Antidote & SereneMist
SereneMist SereneMist
Hey Antidote, I’ve just finished layering a new dew texture on my latest VR map and it’s looking gorgeous—but the rendering load is creeping up. Any ideas on how to keep the ambience serene while trimming the GPU usage?
Antidote Antidote
Sounds great, but I get it—the GPU can bite when you add that extra depth. Try a few things: first, lower the resolution of the dew texture; even a 50 % reduction can cut memory use while still looking nice. Second, use a single‑pass shader that samples the texture once and applies a simple normal‑map trick for the splash effect. If the map supports it, enable GPU culling for distant objects so the system only draws the dew where it’s actually visible. Finally, consider a lower‑level bloom or screen‑space fog; they’re cheaper than full volumetric effects. A small tweak here and there should keep the ambience calm without overtaxing the GPU.
SereneMist SereneMist
Sounds like you’ve already mapped out the right path, Antidote. I’ll trim that dew to half‑resolution and swap the heavy volumetric fog for a light, single‑pass bloom. That way the ambient light stays pure and the GPU stays calm—no sudden spikes to disturb the meditation flow. Keep me posted on the culling results; I’m curious if the distant moss really needs to be rendered at all.
Antidote Antidote
Sounds solid.
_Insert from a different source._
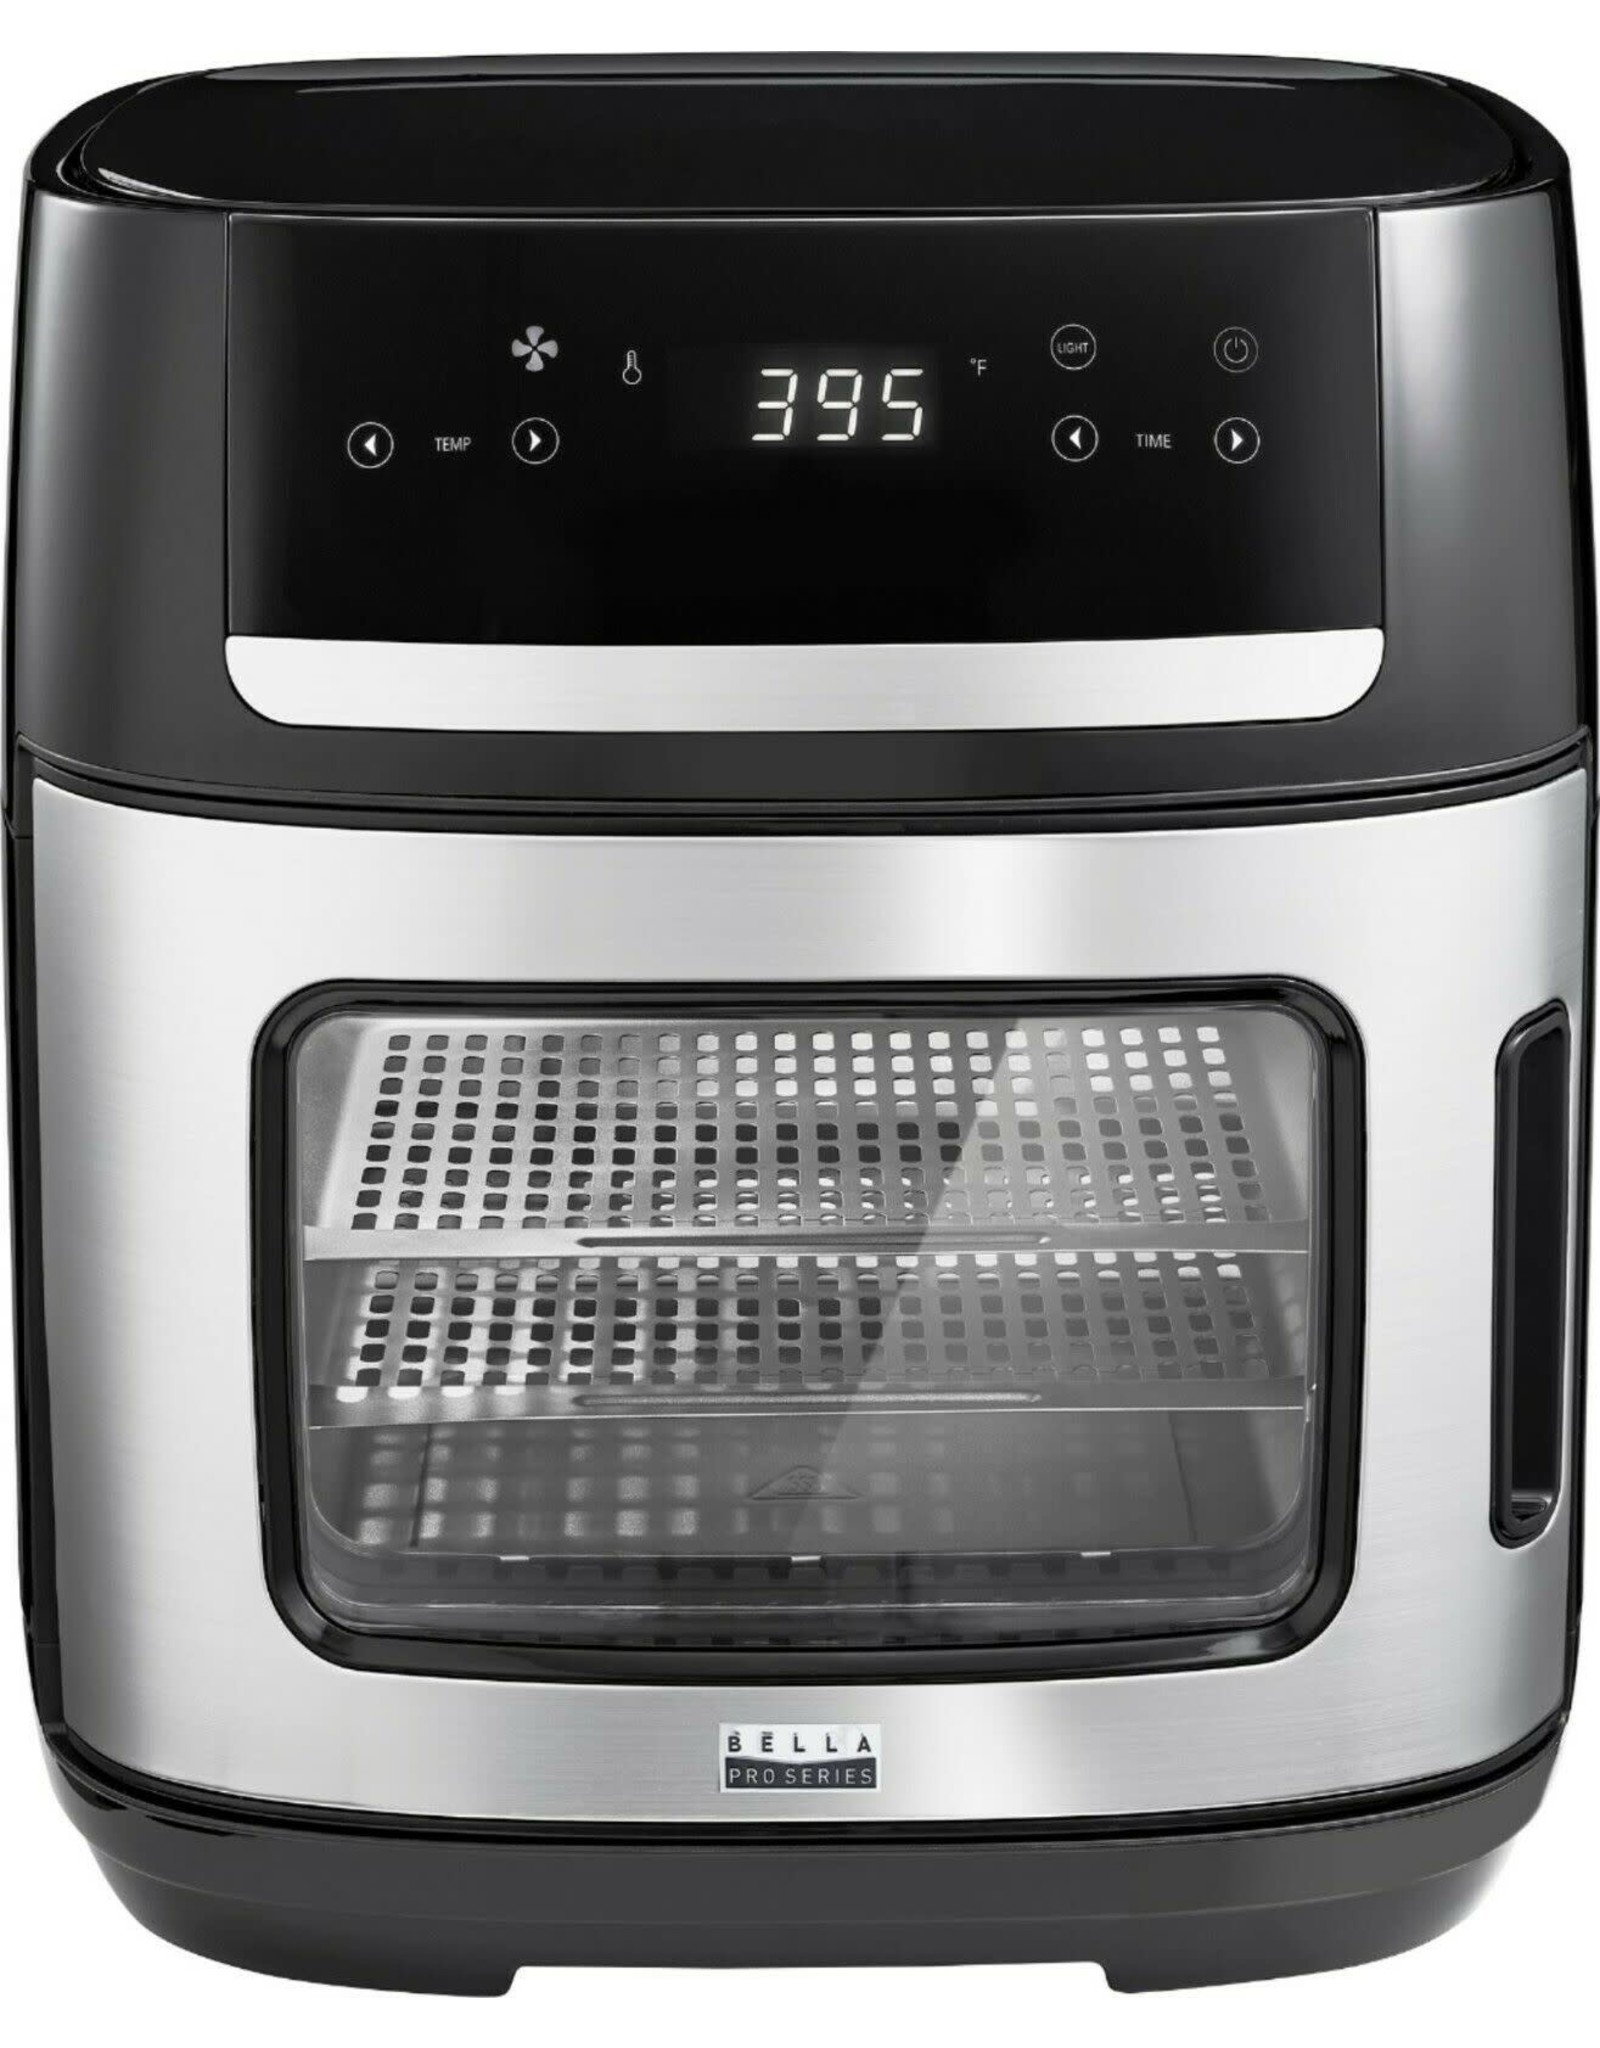 90116 Bella Pro Series - 4-Slice Convection Toaster Oven + Air Fryer with  Dehydrator & Rotisserie Settings - Stainless Steel - Black Friday
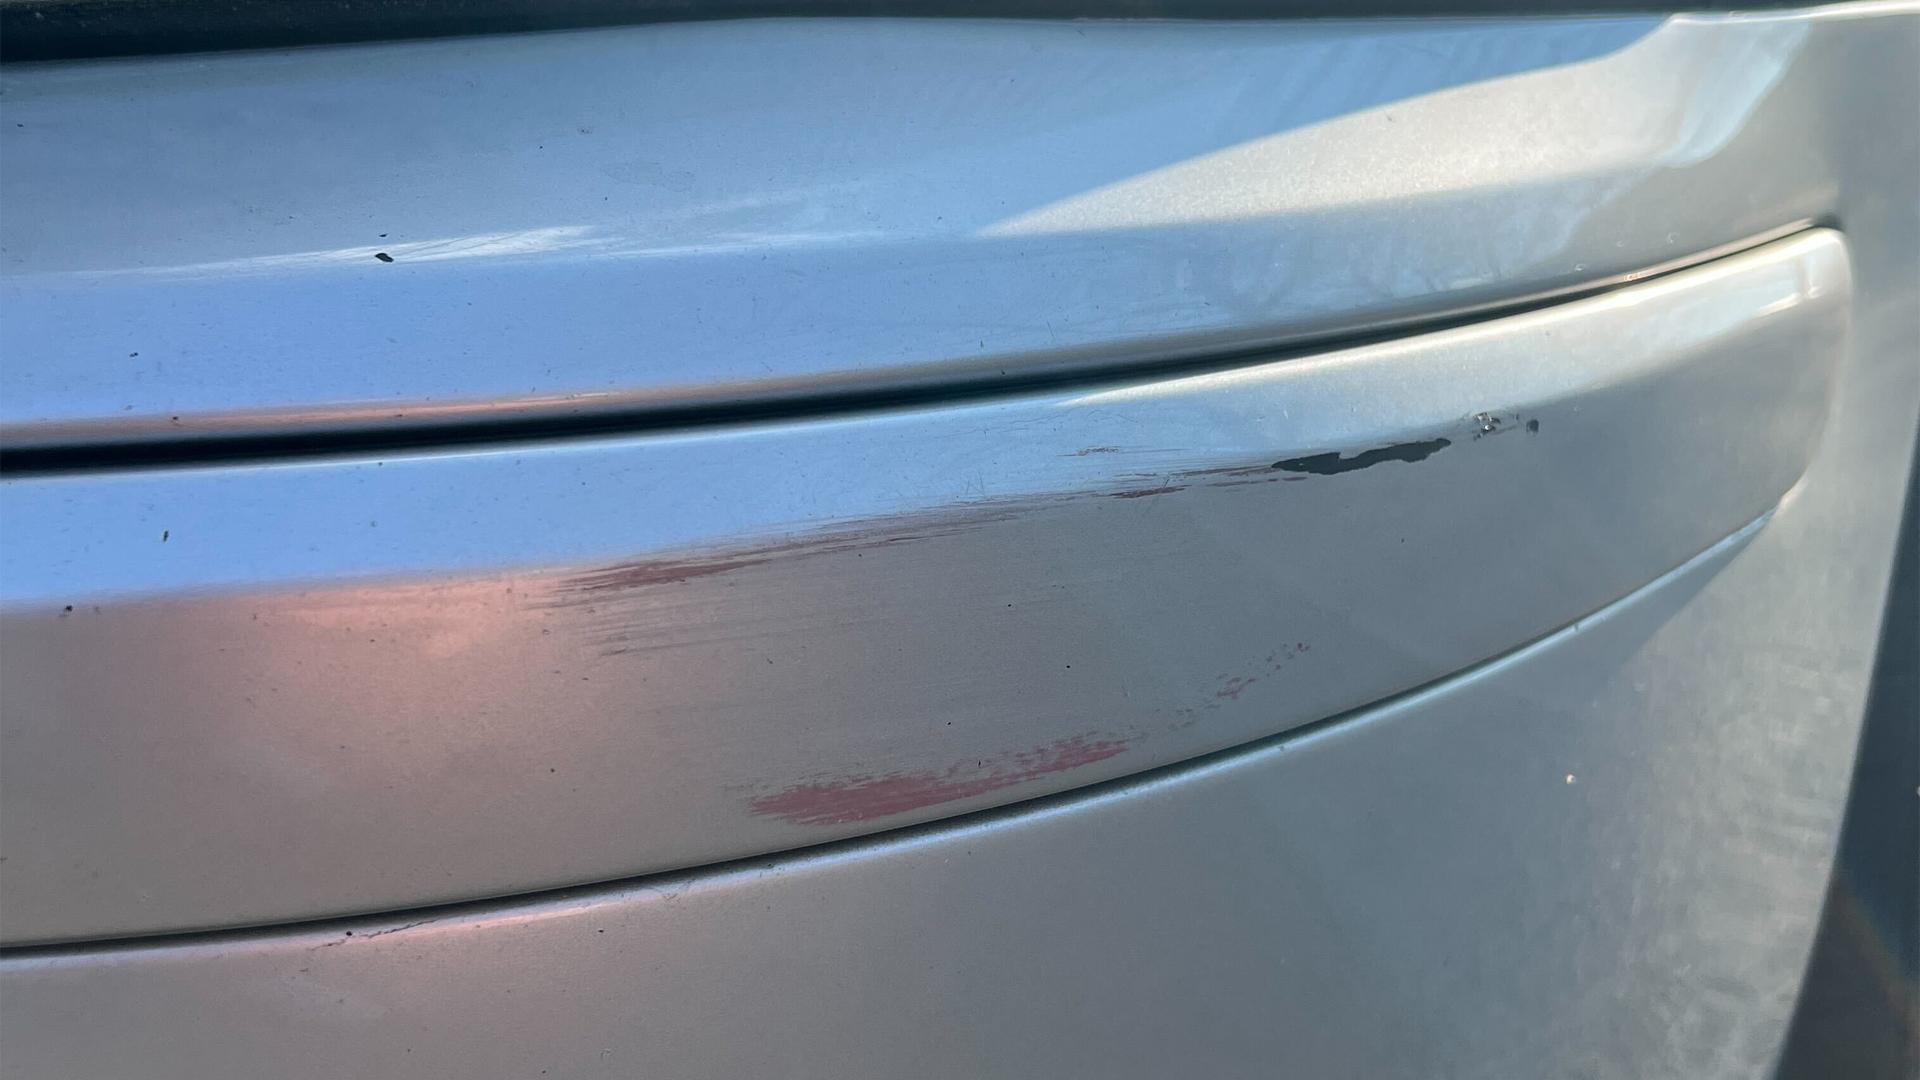 Can scratch-repair kits remove dings you get in the parking lot?

The half‑resolution dew will keep the texture crisp without the heavy load, and a single‑pass bloom should give you that clean glow. For the moss, start by enabling occlusion culling and see how many polygons actually hit the camera. If the density is low, consider a billboarding or particle approach for those far‑away patches. Let me know what the counts look like and we can tweak further if needed.
SereneMist SereneMist
Thanks for the plan, Antidote. I’ll fire up the occlusion culling, log the polygon counts, and see how sparse the far‑field moss really is. If the numbers stay low, I’ll switch to a billboarded grass particle system to keep the visual density without the load. I’ll ping you once I have the stats—then we can fine‑tune the thresholds or the bloom intensity. Stay tuned.
Antidote Antidote
Sounds good—let me know what the numbers show, and we’ll fine‑tune from there. Good luck!